To extend protection beyond the immediate range of the portable jammer, the Hunter Pro can be integrated into Skyfend’s fixed-site detection architecture, exemplified by the Spotter SKP100 radar-electro-optical head. This mast-mounted sensor, weighing under 30 kg, detects drones at distances on the order of 1.2 km and vehicles at around 4 km, with 360° azimuth coverage and elevation from the horizon to the zenith, providing full-dome surveillance over compounds or critical facilities. A K-band electronically scanned radar using FMCW waveforms tracks more than one hundred targets simultaneously and refreshes their position several times per second, delivering precise range, speed and direction data to the operator. Coupled with a full-HD daylight zoom camera, an uncooled thermal imager and an AI processing unit rated in the tens of TOPS, the system classifies drones with high confidence while filtering out birds, people and vehicles, and remains operational in harsh weather conditions thanks to its IP66 protection rating.

For Latin American security forces, the combination of portable jammers such as Hunter Pro with 24/7 fixed sensors like the Spotter SKP100 points towards a layered airspace protection concept for stadiums, refineries, border posts, prisons and government buildings. Instead of reacting only when a drone is visually spotted overhead, operators can receive early warning from the radar-electro-optical network, analyse the drone’s trajectory and then deploy a Hunter Pro team to interrupt its control link at the most favourable moment. This layered approach is particularly relevant in dense urban environments such as Bogotá or Mexico City, where vertical infrastructure and a congested radiofrequency environment complicate traditional air surveillance. By combining RF sensing, radar, optical tracking and focused jamming, Skyfend proposes a way to manage the FPV threat while limiting the use of kinetic effectors above populated areas.

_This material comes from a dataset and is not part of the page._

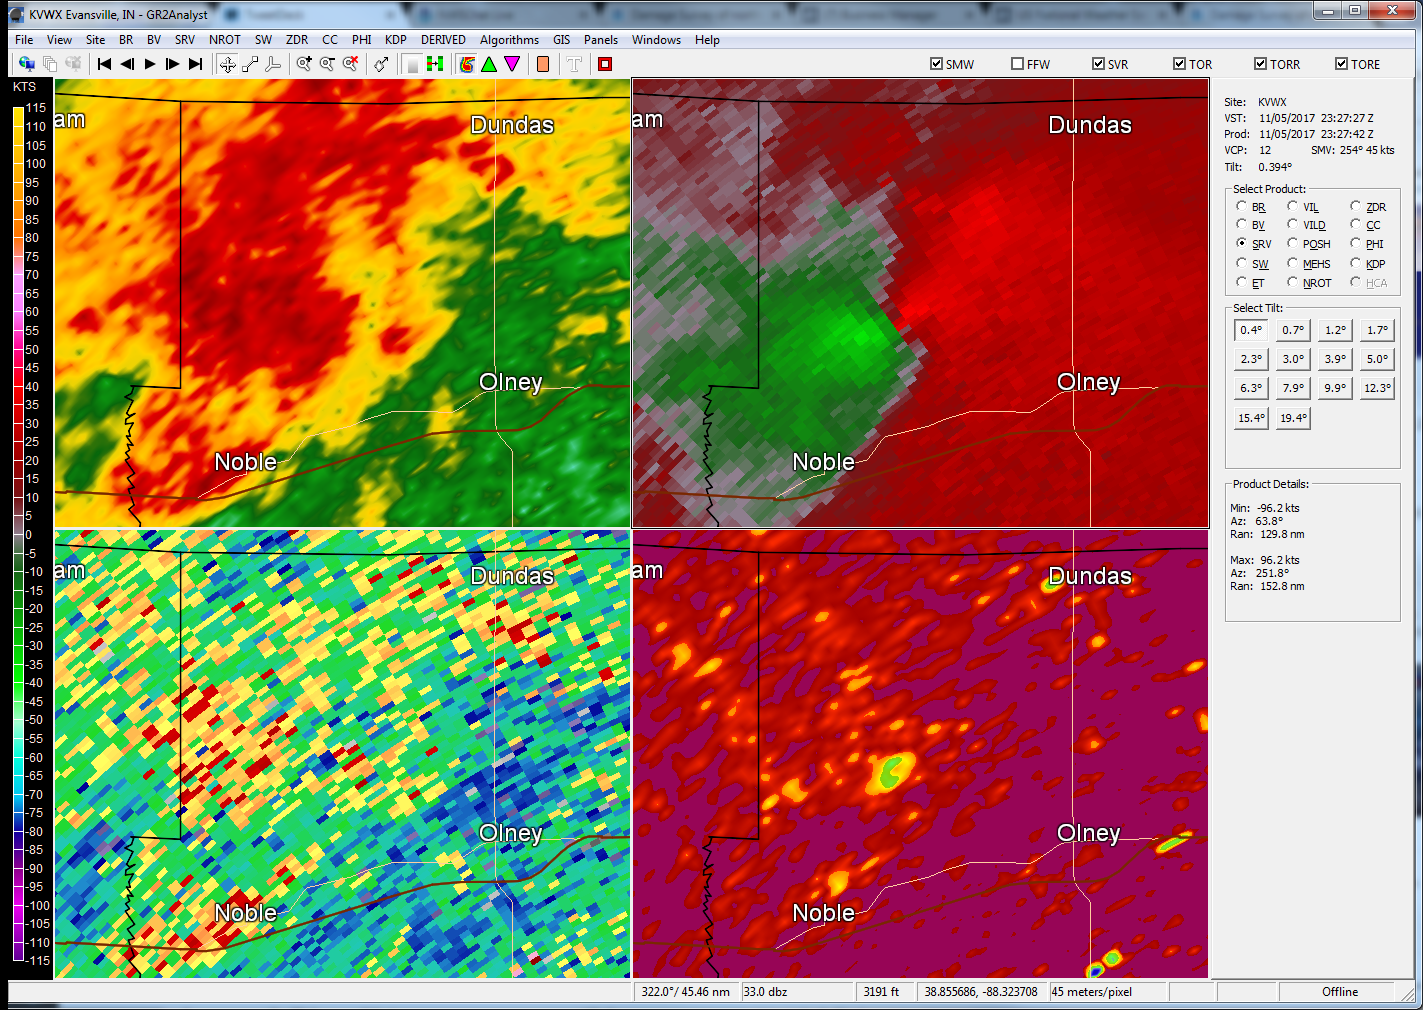 Evansville radar image from 5:27 pm

Beyond the technical aspects, the presentation of Hunter Pro at Expodefensa carries clear geostrategic implications. China has steadily increased its presence in Latin American defence markets through the supply of UAVs, armoured vehicles and communications equipment, and the arrival of Chinese counter-drone solutions represents a logical continuation of this trend. For regional governments, adopting Chinese C-UAS technology may open access to advanced capabilities at competitive cost, but also raises sensitive questions regarding data governance, interoperability with Western-made command systems and long-term sustainment. Decisions to procure systems such as Hunter Pro are therefore not purely technical; they form part of a broader balancing act between US, European and Chinese suppliers, with implications for defence partnerships and industrial cooperation.

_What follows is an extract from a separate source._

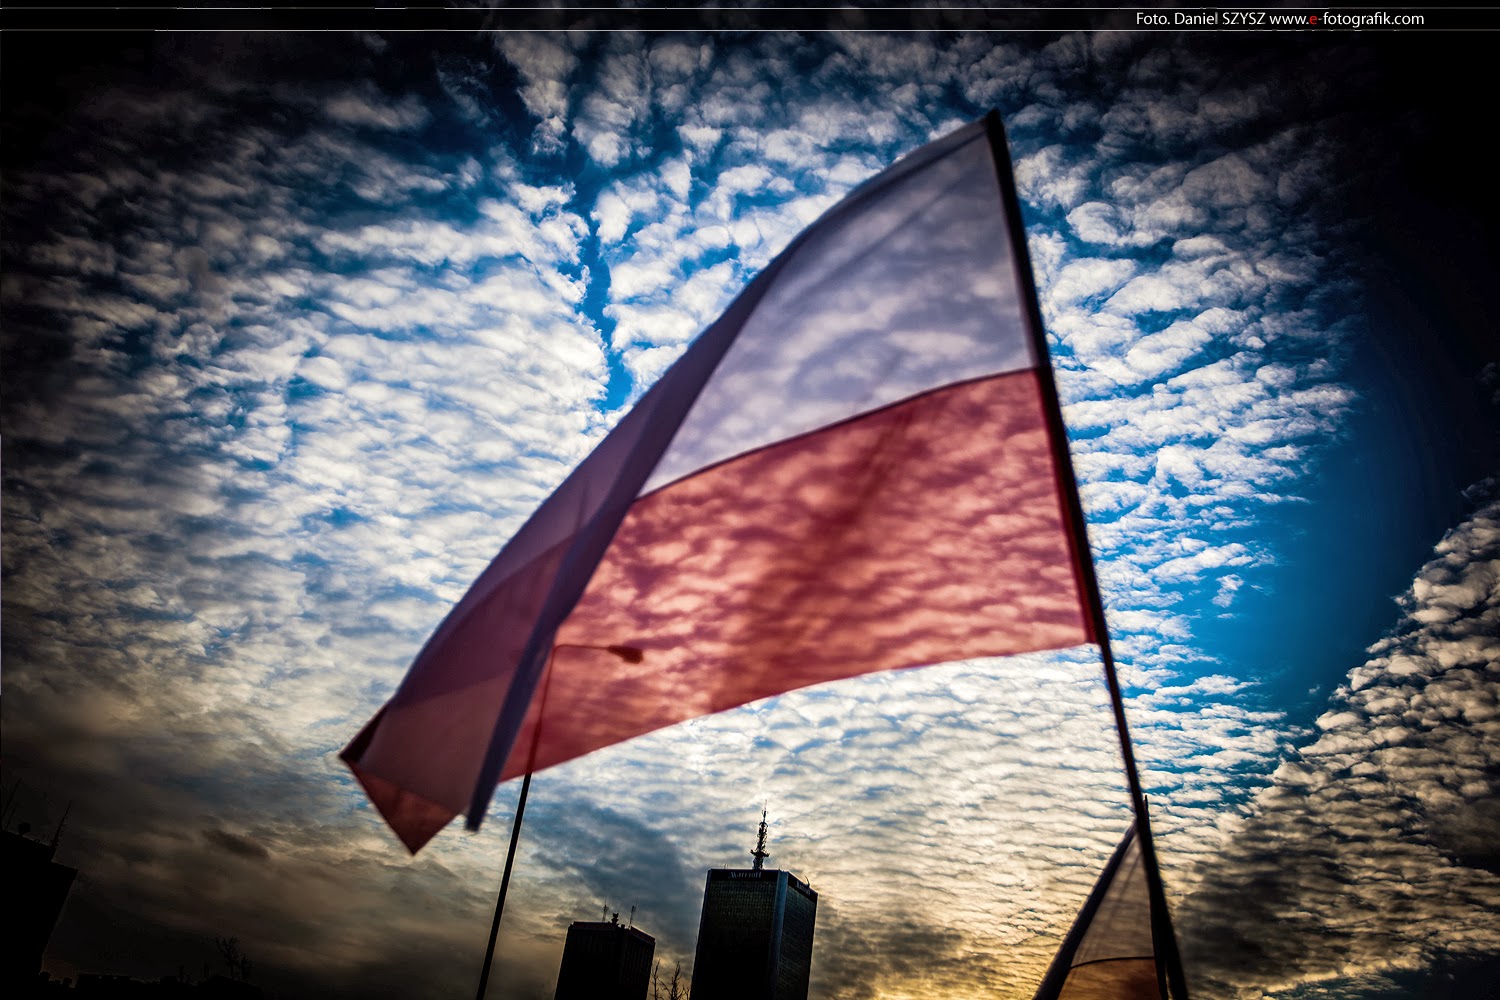 flaga-polska-marszniepodleglosci2013

The arrival of Skyfend Hunter Pro at Expo Defensa 2025 illustrates how rapidly FPV drones have evolved from a tactical curiosity into a daily operational concern for Latin American security actors. By presenting a portable FPV-focused jammer that can be integrated into radar-optical detection networks like the SKP100, China signals its intent to influence how the region secures its low-altitude airspace. Whether selected for border surveillance, the protection of energy infrastructure or the security of major events, systems of this type show that counter-drone capability has become a fundamental layer of force protection. Latin American decision-makers will now have to assess this new Chinese option, not only in terms of performance, but also in light of the strategic choices it implies for the future architecture of their defence and internal security systems.